4. I’m Showing Even Earlier
I’m sure this is a combination of this being my third pregnancy, as well as pregnancy after twins, but I was showing very early!
I honestly was surprised, because it’s expected that you show earlier with twins.
But pregnancy after twins? I didn’t expect to be showing so early!
It does make sense though.
Not only does the uterus grow at a faster rate during a twin pregnancy, but the uterus will be larger and heavier in a twin pregnancy than a singleton pregnancy.
So, when you’re pregnant with a singleton after twins, your uterus knows exactly what it’s supposed to do. It’s like riding a bike, it comes right back!
5. I’m Not Frantic About Getting Everything Ready
By not frantic, I mean that I forgot.
I was 17 weeks pregnant this past Saturday. As I was doing some Christmas shopping online, I came across a deal for a baby car seat, and it hit me.
Umm, I need to prepare for this baby.
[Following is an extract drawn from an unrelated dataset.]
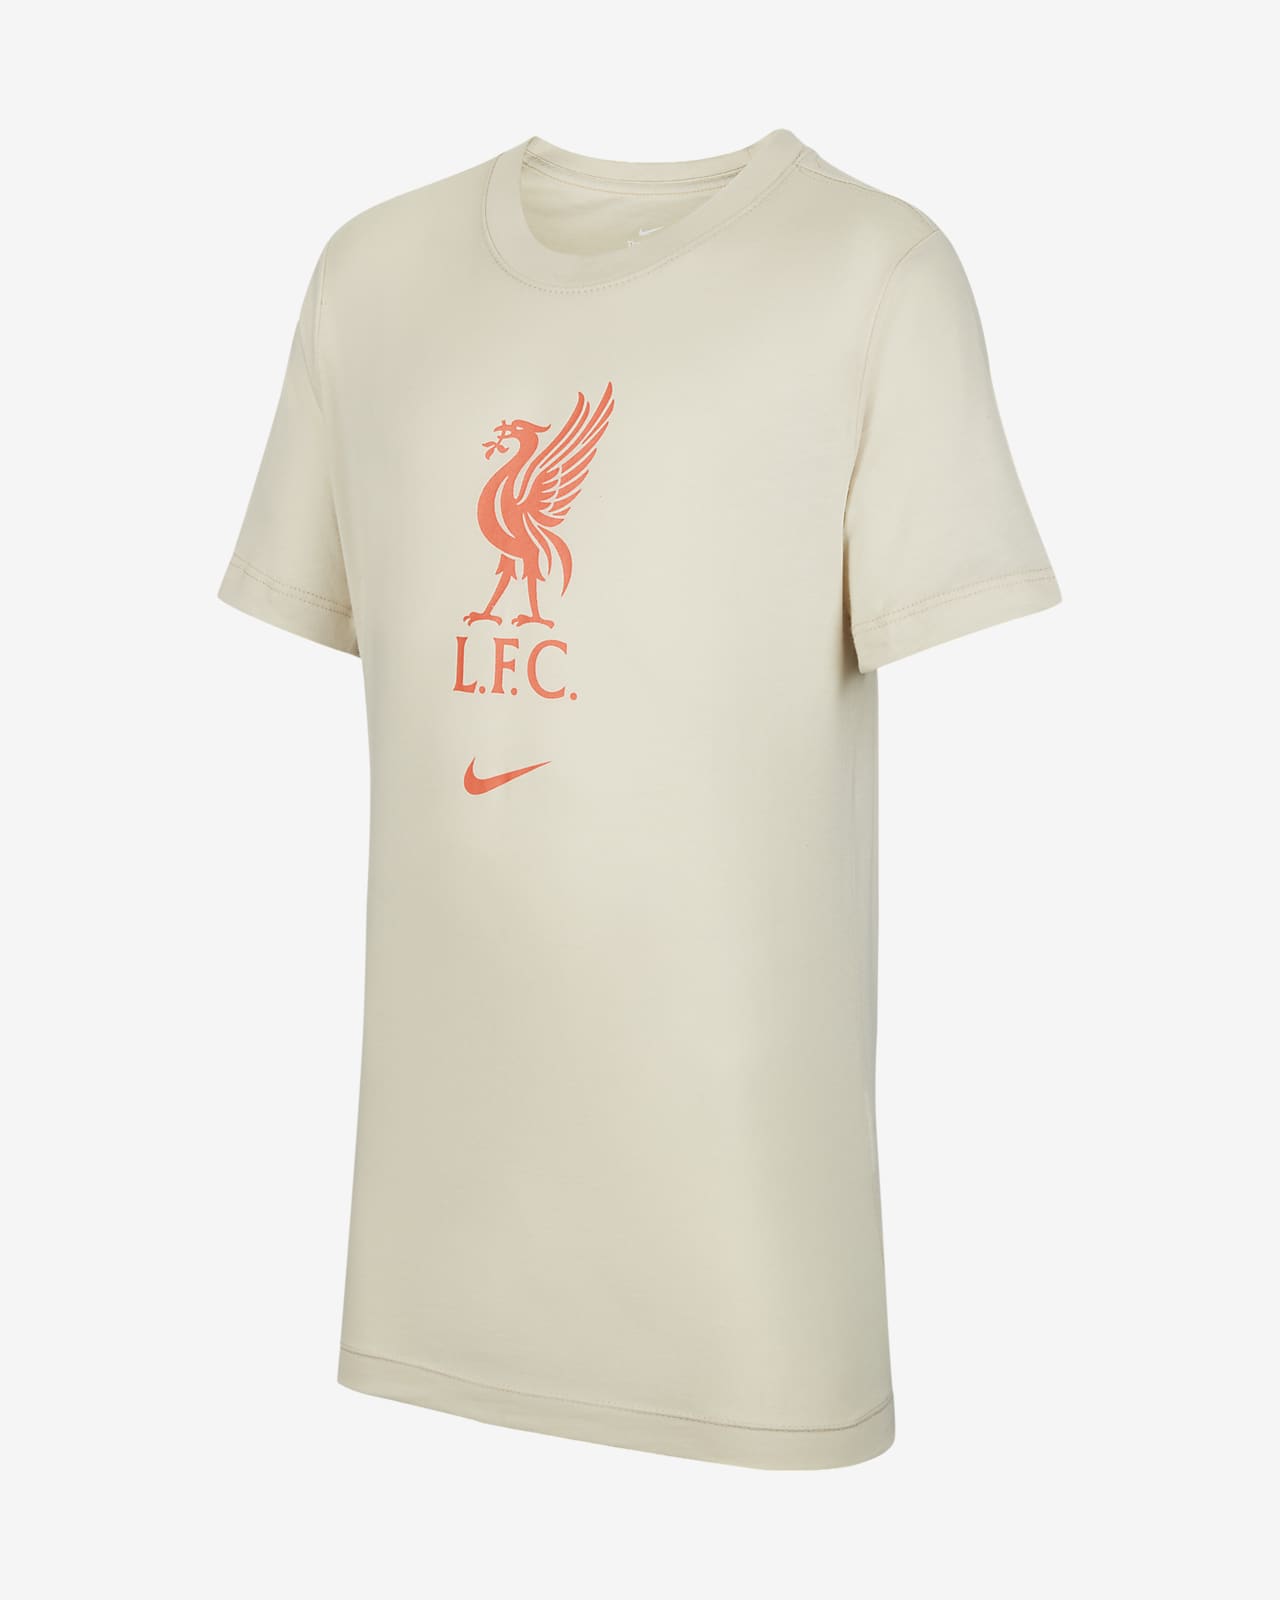 Liverpool F.C. Older Kids' Football T-Shirt

I need to buy a car seat!
I have so much going on with my mental load in caring for my 3 children, that I completely forgot that I need to purchase things for this sweet babe in my belly and set up a nursery!
Now, I’m only 17 weeks, no big deal, plenty of time, right?
Pretty sure I had both nurseries either complete or almost complete at this point in my previous pregnancies.
I like to get things done EARLY and the earlier the better!
So. Taking suggestions for the best baby items, because it’s been almost 4 years since I’ve done this!
6. I’m Allowing Myself to Feel Joy
I did not truly enjoy either of my previous pregnancies. While my pregnancy with Theo was relatively smooth, I was just so anxious to meet him and hold him in my arms, that I did not enjoy being pregnant.
And with my twin pregnancy, I was such a nervous wreck and in pain that I enjoyed it 0%.
This time around???? I’m trying to enjoy it.
I’m eating all the delicious foods that I want to.
And if I want a new maternity outfit to make myself feel good about my body, I’m buying it. In the past, I’ve been very frugal during my pregnancies because it doesn’t make sense to invest money in something you can only wear temporarily.
This time, I’m doing it.
I’ve realized that it’s worth it spend extra money or eat an extra piece of cake to experience joy for 9-months.